Properties of inclusive hadron production in Deep Inelastic Scattering on heavy nuclei at low x

TL;DR

This paper analyzes inclusive hadron production in deep inelastic scattering on heavy nuclei at low x, exploring different kinematic regimes, deriving asymptotic formulas, and examining nuclear effects and saturation phenomena.

Contribution

It provides a comprehensive analysis of hadron production in DIS at low x, including asymptotic formulas, NLO corrections, and nuclear modification insights, with numerical predictions for future experiments.

Findings

Asymptotic behavior of dipole--nucleus scattering amplitude at high energies.

Modification of the pomeron intercept in the saturation regime.

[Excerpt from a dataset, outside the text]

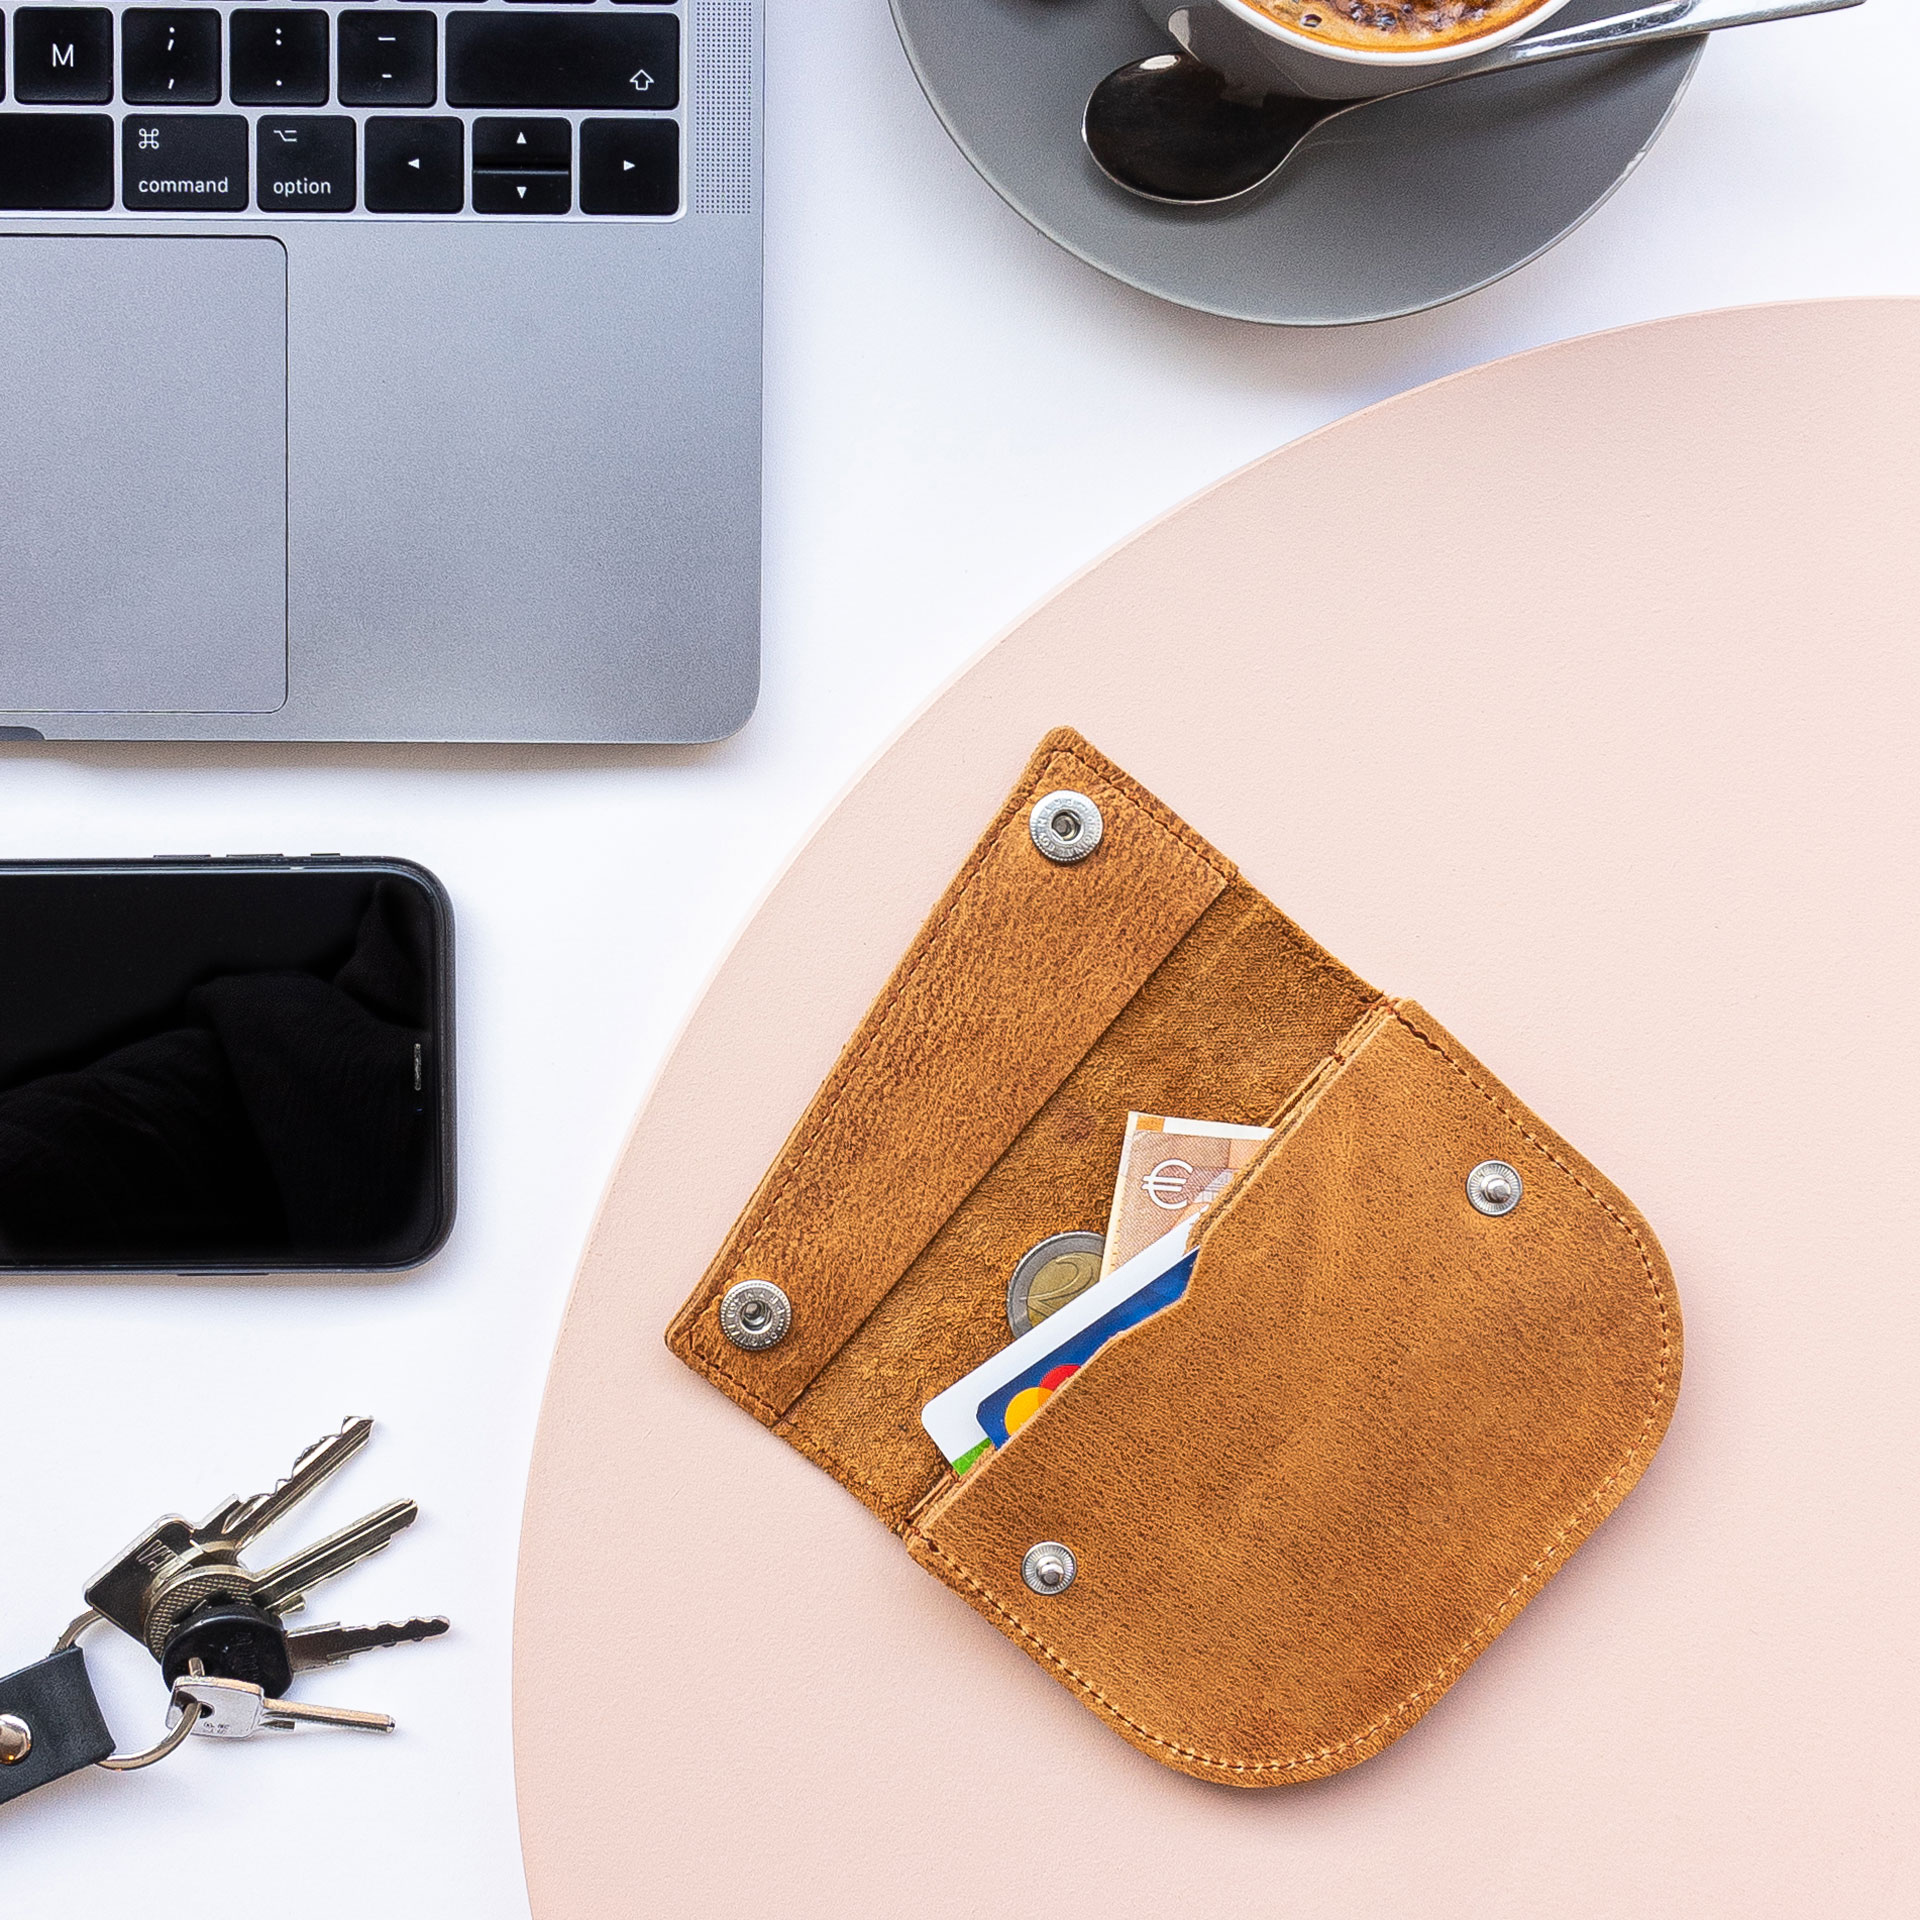 Portemonnaie ENO auf einem Tisch liegen im Größenvergleich mit einem Smartphne, Laptop, Kaffee und Schlüsselbund.

Nuclear modification factor linked to gluon distribution anomalous dimension.

Abstract

In this paper we present a comprehensive study of inclusive hadron production in DIS at low $x$. Properties of the hadron spectrum are different in different kinematic regions formed by three relevant momentum scales: photon virtuality $Q^2$, hadron transverse momentum $k_T$ and the saturation momentum $Q_s(x)$. We investigate each kinematic region and derive the corresponding asymptotic formulas for the cross section at the leading logarithmic order. We also analyze the next-leading-order (NLO) corrections to the BFKL kernel that are responsible for the momentum conservation. In particular, we establish the asymptotic behavior of the forward elastic dipole--nucleus scattering amplitude at high energies deeply in the saturation regime and a modification of the pomeron intercept. We study the nuclear effect on the inclusive cross section using the nuclear modification factor and its logarithmic derivative. We argue that the later is proportional to the difference between the anomalous dimension of the gluon distribution in nucleus and in proton and thus is a direct measure of the coherence effects. To augment our arguments and present quantitative results we performed numerical calculations in the kinematic region that may be accessible by the future DIS experiments.